Teungku Jamaika, Pria Bergelar Komputer

“Impian saya ketika di Jakarta ingin mendirikan sekolah gratis untuk masyarakat akhirnya tercapai,” ujar lajang yang lahir di Meurandeh Paya, Sampoiniet, Aceh Utara, 5 April 1977 silam saat saya berkunjung ke tempat tinggalnya di kawasan Darussalam, Banda Aceh.

Pria ini, Syardani M. Syarif. Tapi di kalangan awak media, ia lebih dikenal dengan Teungku Jamaika. Juru Bicara Militer Gerakan Aceh Merdeka (GAM) Wilayah Samudera Pasee.

Baginya, mencerdaskan anak-anak korban konflik dan kurang mampu adalah perjuangan yang sesungguhnya. Meskipun pernah bergerilya dan berpindah-pindah dari satu hutan ke hutan lainnya, pria yang sering disapa Jamaika ini memandang perang harus dilupakan. Mewariskan dendam untuk generasi mendatang, justru merusak masa depan mereka. Jamaika meyakini, perang tak memenangkan siapa-siapa melainkan menghancurkan apa saja, termasuk masa depan anak-anak yang seharusnya diharapkan menciptakan perubahan.

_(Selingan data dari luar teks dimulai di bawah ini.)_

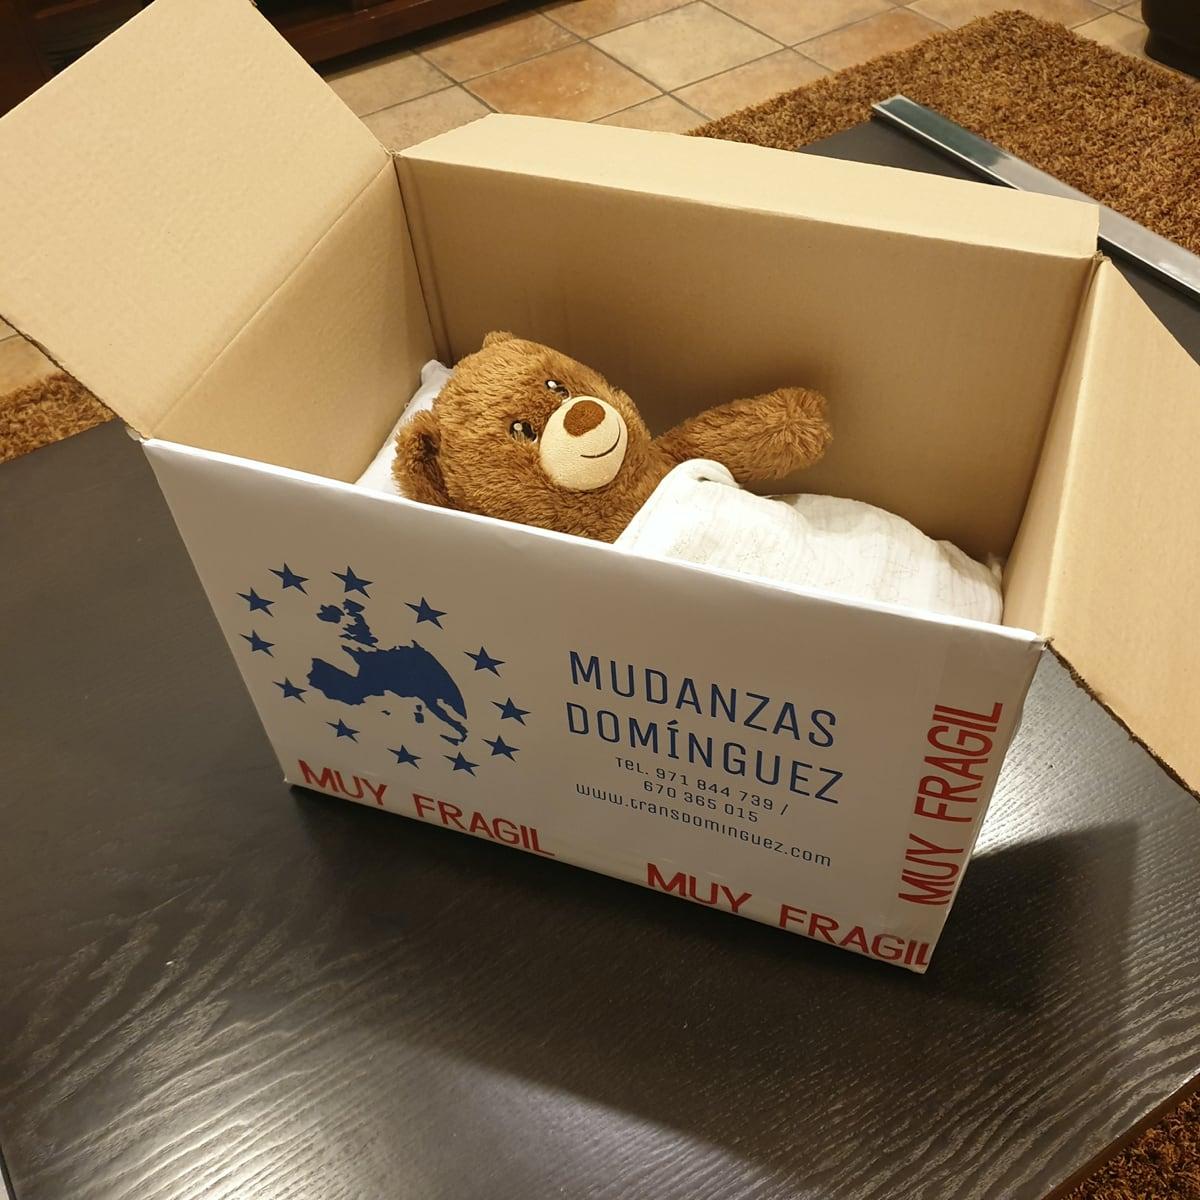 Mudanzas y transportes en Mallorca TransDomínguez - Caja de cartón con enseres personales

Dengan bantuan fasilitas dari Badan Rehabilitasi dan Rekonstruksi (BRR) Aceh-Nias, Jamaika membuka sekolah komputer gratis untuk anak-anak korban konflik, korban tsunami dan anak-anak kurang mampu. Di sekolah berbasis masyarakat itu, mereka dipandu oleh beberapa tutor yang sudah mahir mempergunakan komputer. Ada 25 unit komputer yang tersambung internet tempat mereka merenda masa depan.


Tidak salah jika di kalangan GAM Tgk Jamaika diberi gelar komputer. Sekolah tersebut bisa jadi jawabannya, kenapa dirinya dipanggil dengan komputer. “Saya ingin agar anak-anak korban konflik mandiri, dan bisa berkembang,” katanya singkat.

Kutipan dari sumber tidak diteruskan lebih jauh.